------ Dataset entries

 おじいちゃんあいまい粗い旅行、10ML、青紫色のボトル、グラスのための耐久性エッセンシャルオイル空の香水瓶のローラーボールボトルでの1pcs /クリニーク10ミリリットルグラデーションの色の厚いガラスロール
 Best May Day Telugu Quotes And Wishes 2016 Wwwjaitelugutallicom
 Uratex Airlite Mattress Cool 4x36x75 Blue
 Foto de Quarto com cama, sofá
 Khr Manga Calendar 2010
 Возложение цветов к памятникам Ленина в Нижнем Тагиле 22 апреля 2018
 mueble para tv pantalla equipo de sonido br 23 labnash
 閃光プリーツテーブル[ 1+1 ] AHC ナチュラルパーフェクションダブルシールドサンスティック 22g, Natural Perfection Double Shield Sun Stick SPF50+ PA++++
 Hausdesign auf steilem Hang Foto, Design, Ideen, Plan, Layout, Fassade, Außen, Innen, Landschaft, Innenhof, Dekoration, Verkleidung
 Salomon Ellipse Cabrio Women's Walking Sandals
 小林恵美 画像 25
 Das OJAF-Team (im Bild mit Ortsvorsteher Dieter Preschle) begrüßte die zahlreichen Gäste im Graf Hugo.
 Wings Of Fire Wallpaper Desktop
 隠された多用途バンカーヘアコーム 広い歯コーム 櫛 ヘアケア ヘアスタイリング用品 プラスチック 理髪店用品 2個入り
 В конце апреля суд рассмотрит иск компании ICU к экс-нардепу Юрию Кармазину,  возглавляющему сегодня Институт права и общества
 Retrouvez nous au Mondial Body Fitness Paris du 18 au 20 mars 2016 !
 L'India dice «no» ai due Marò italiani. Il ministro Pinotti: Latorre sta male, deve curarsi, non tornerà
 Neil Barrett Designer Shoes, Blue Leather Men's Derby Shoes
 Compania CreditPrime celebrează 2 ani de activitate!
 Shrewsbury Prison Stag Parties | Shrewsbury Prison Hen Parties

------------

### Exercise directions
Among the records above, find the lines that contain "Foto" and copy every one.

### Exercise answer
 Foto de Quarto com cama, sofá
 Hausdesign auf steilem Hang Foto, Design, Ideen, Plan, Layout, Fassade, Außen, Innen, Landschaft, Innenhof, Dekoration, Verkleidung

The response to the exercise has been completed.